DSC #3: The Truth About Digital Humanities Collaborations (and Textual Variants!)
by Maria Sachiko Cecire, January 10, 2020
I read the email thread again. Then one more time. “Oh my gosh,” I whispered. “What do I say?”
The first message in the thread, titled “Amazing discovery for our next volume!” was from Quinn, who’d had the great idea to start the Data-Sitters Club in the first place. The DSC is a group of scholars that are creating a digital humanities guide to computational text analysis by building and analyzing a corpus of the Baby-Sitters Club books, and I was the last member to join before we launched a few months ago (there’s more about all the members of the gang and our history in Chapter 2). Quinn asked me to be part of the DSC because of my background in children’s literature and childhood studies, and because of my digital humanities-friendliness as the director of the Center for Experimental Humanities at Bard College. But not particularly for my data mining experience, because it’s not something I usually do! Everyone in the DSC was so nice, and I already knew some of the other members from before, but already I was feeling out of place.
The emails I was reading were about some findings that Quinn had made when comparing the Baby-Sitters Club books she found online, with the more recently released versions we digitized through scanning and optical character recognition (OCR). These findings showed that the supposedly same books often had a lot of differences. Katia, another DSC member, helped build these two collections of Baby-Sitters Club books, and you can read about the process of corpus-building and some of the discrepancies in Katia and the Phantom Corpus. Now everyone in the email thread was gushing about how interesting it was to see content changes that seemed to reflect updated expectations, norms, and day-to-day realities: for example, swapping twenty-first century technologies and fashions for the 80s and 90s ones in the original books. Think “styled” hair instead of “permed” hair, “player” instead of “VCR,” and amounts of money removed or updated to account for inflation. (Granted, the lack of metadata for the versions Quinn found online mean we can’t know conclusively that they’re the originals, or even older than the more recent versions we digitized, but it sure looked that way.) I was happy to see the team so enthusiastic and united, but the problem was…the findings weren’t surprising to me at all.

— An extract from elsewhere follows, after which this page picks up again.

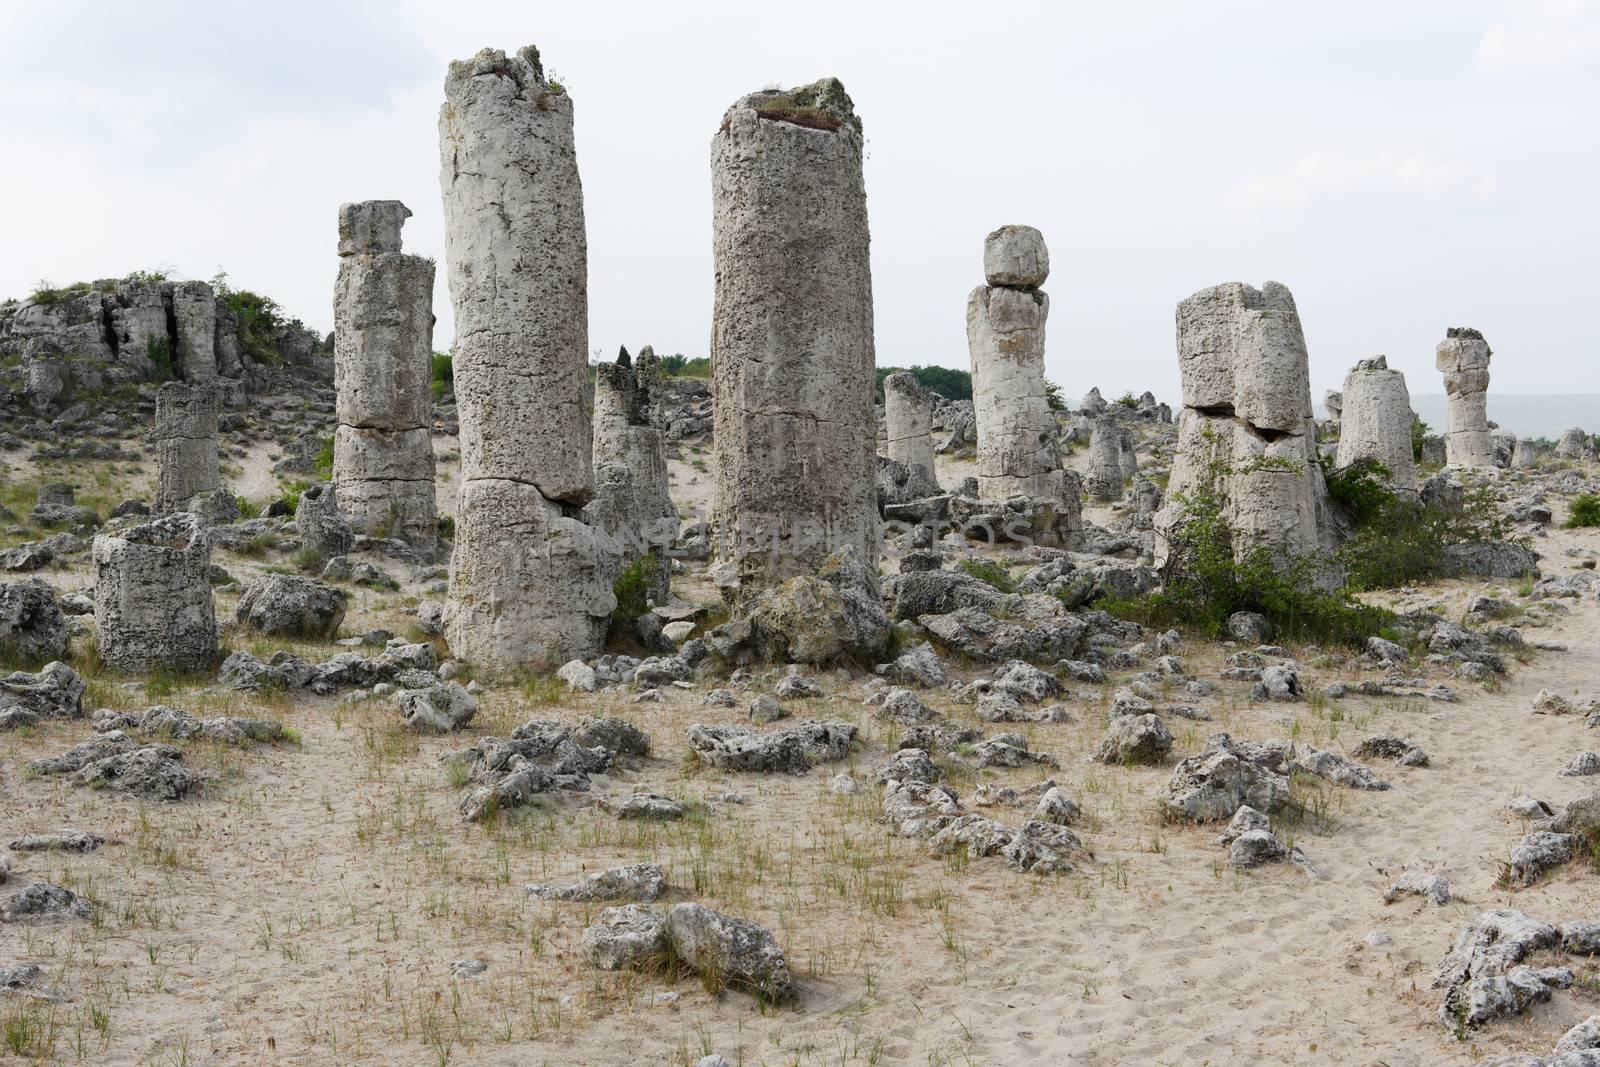 Stone phenomenon near Varna city, Bulgaria

Children’s publishing has a long history of revising texts to keep up with changing social norms, especially since books for kids have always been seen as instructional (even didactic and, some claim, “civilizing”), as well as entertaining. And since children’s books are overwhelmingly written, published, and bought by adults – most of whom care a LOT about what kids are reading and thinking about – there have always been adult eyeballs on children’s literature and calls to take out or change “inappropriate” material. One old-school version of this is the differences between the first edition of the Brothers Grimm’s Children’s and Household Tales in 1812 and the “definitive” version in 1857, where the stories were dramatically edited to make them more “suitable” (less violent, sexual, and pagan) for children. They did this even though the original project was supposed to be a folk record of deep-rooted national tales, not necessarily an influence on modern youth! But from the late eighteenth century on, if you say any cultural object is “for children,” it automatically sets off all kinds of appropriateness radars.
Another children’s lit classic that has gotten this treatment is Roald Dahl’s Charlie and the Chocolate Factory; there were some (honestly, reaaaally necessary) revisions in the 1970s to deal with the fact that the Oompa Loompas were described in the ‘60s original as “amiable black pygmies” from “the very deepest and darkest part of the African jungle where no white man had been before.” Ew. (More on these kind of changes at children’s literature scholar Phil Nel’s blog, from which the Oompa Loompa illustrations were taken.)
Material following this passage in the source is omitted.